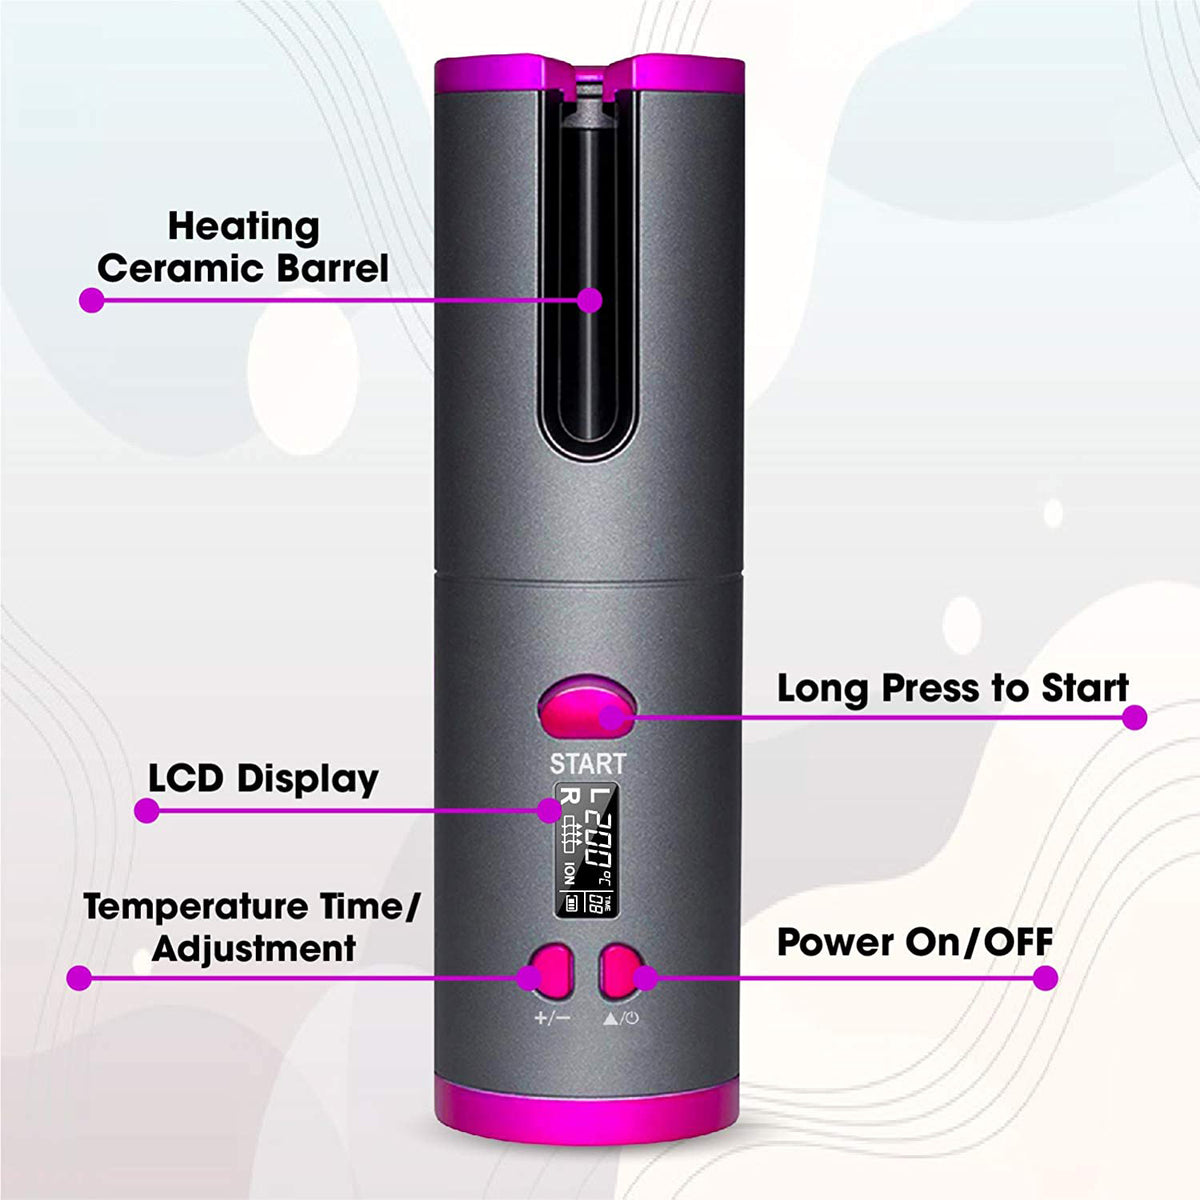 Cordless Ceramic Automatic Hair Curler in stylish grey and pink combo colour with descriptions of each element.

* * *

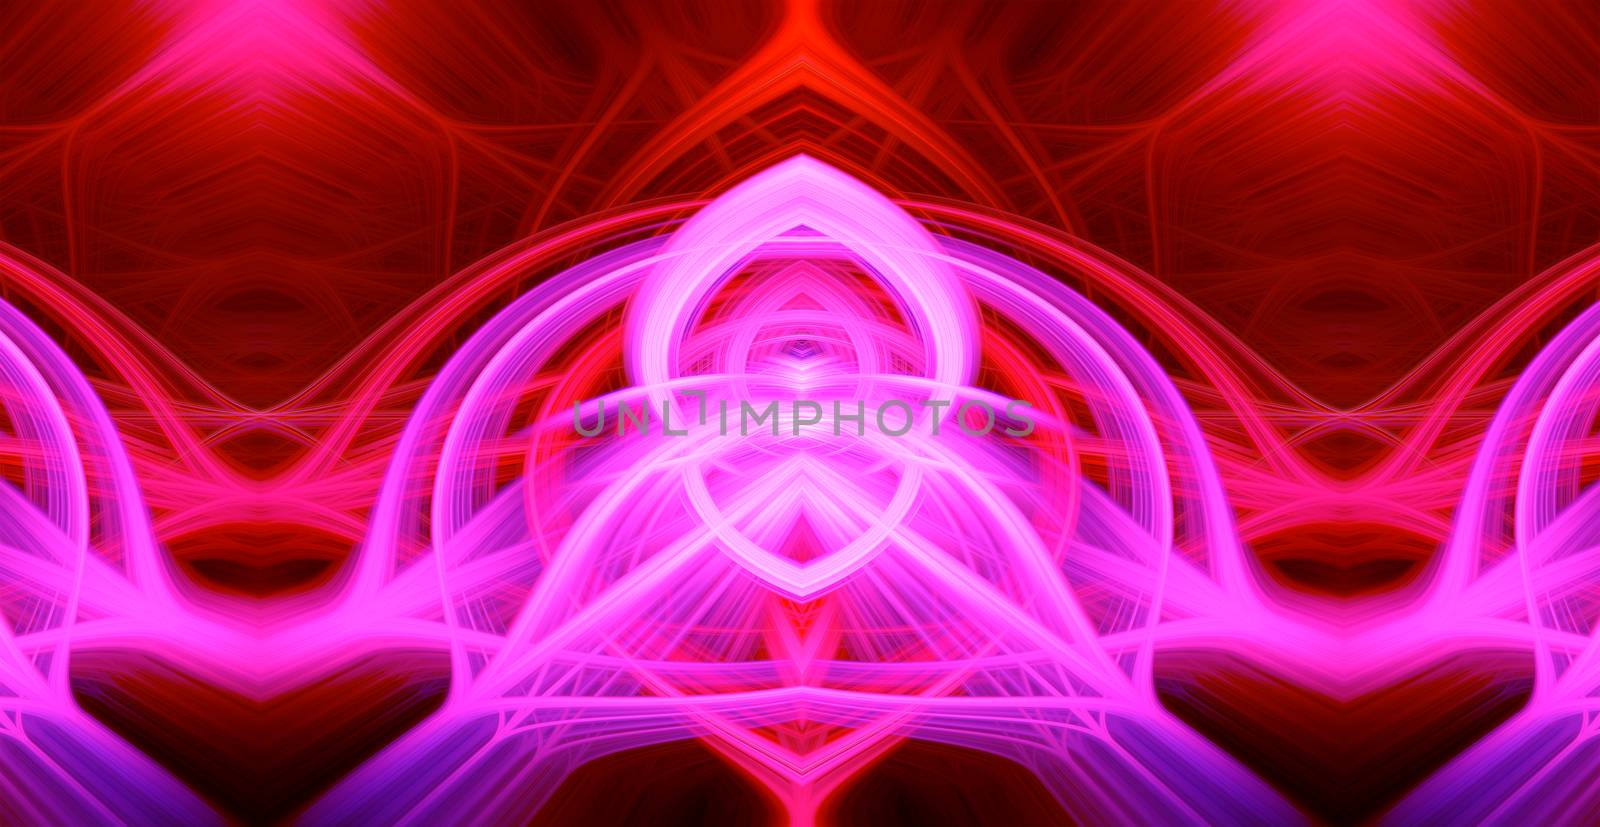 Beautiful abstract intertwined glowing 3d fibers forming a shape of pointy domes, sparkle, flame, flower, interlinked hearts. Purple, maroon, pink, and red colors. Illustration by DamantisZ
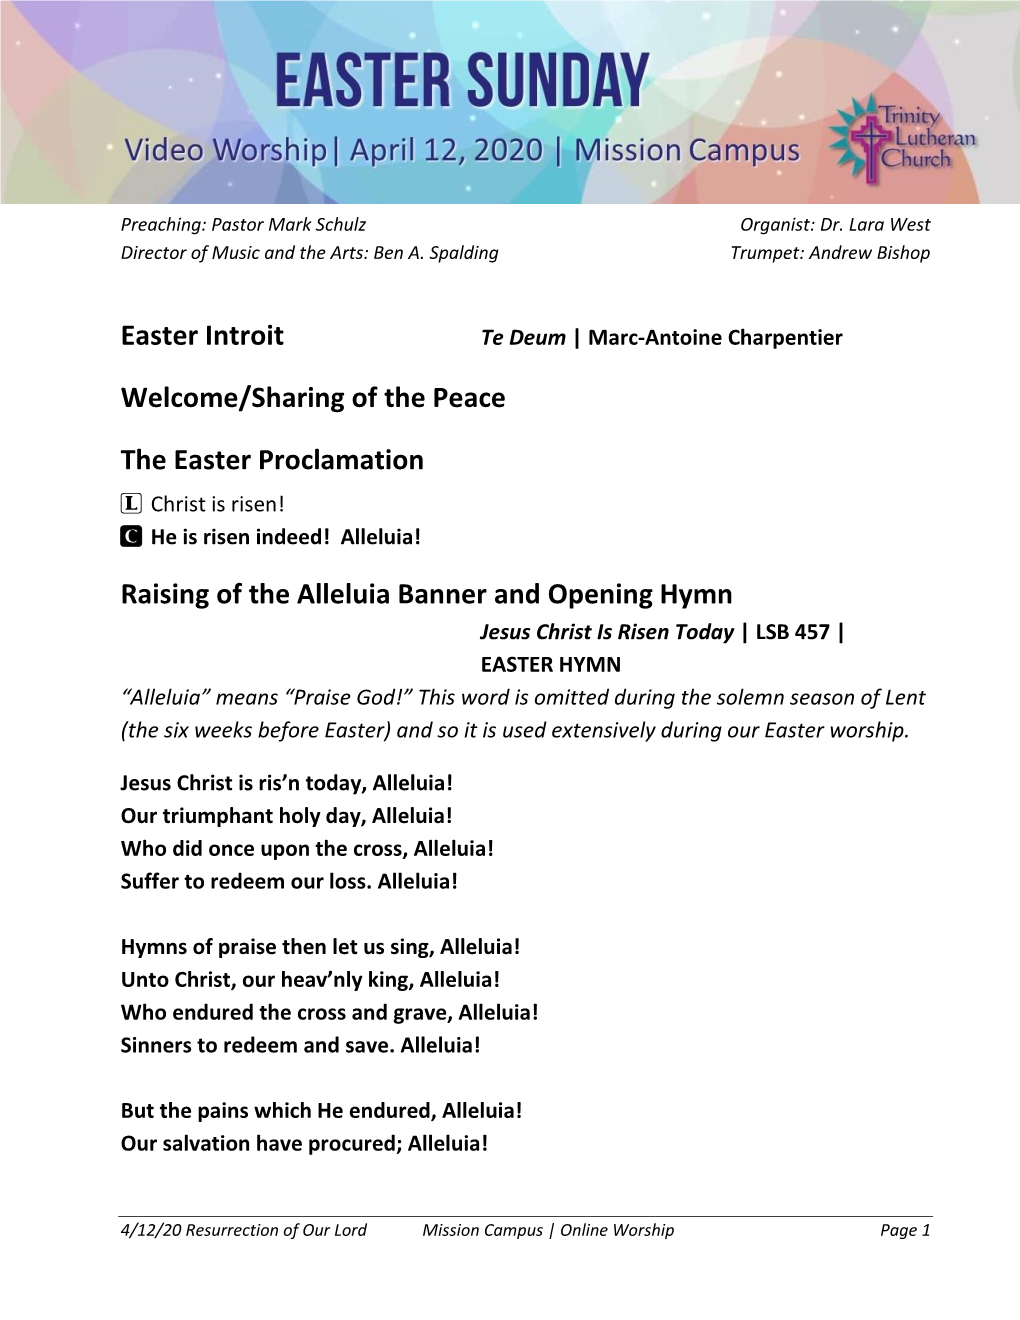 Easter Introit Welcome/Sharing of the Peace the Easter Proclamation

* * *

All lines above starting at the one with "Beautiful abstract intertwined" and ending at the one with "Easter Introit Welcome/Sharing", inclusive, are to be printed again exactly, with the pictures left out.

 Beautiful abstract intertwined glowing 3d fibers forming a shape of pointy domes, sparkle, flame, flower, interlinked hearts. Purple, maroon, pink, and red colors. Illustration by DamantisZ
 Easter Introit Welcome/Sharing of the Peace the Easter Proclamation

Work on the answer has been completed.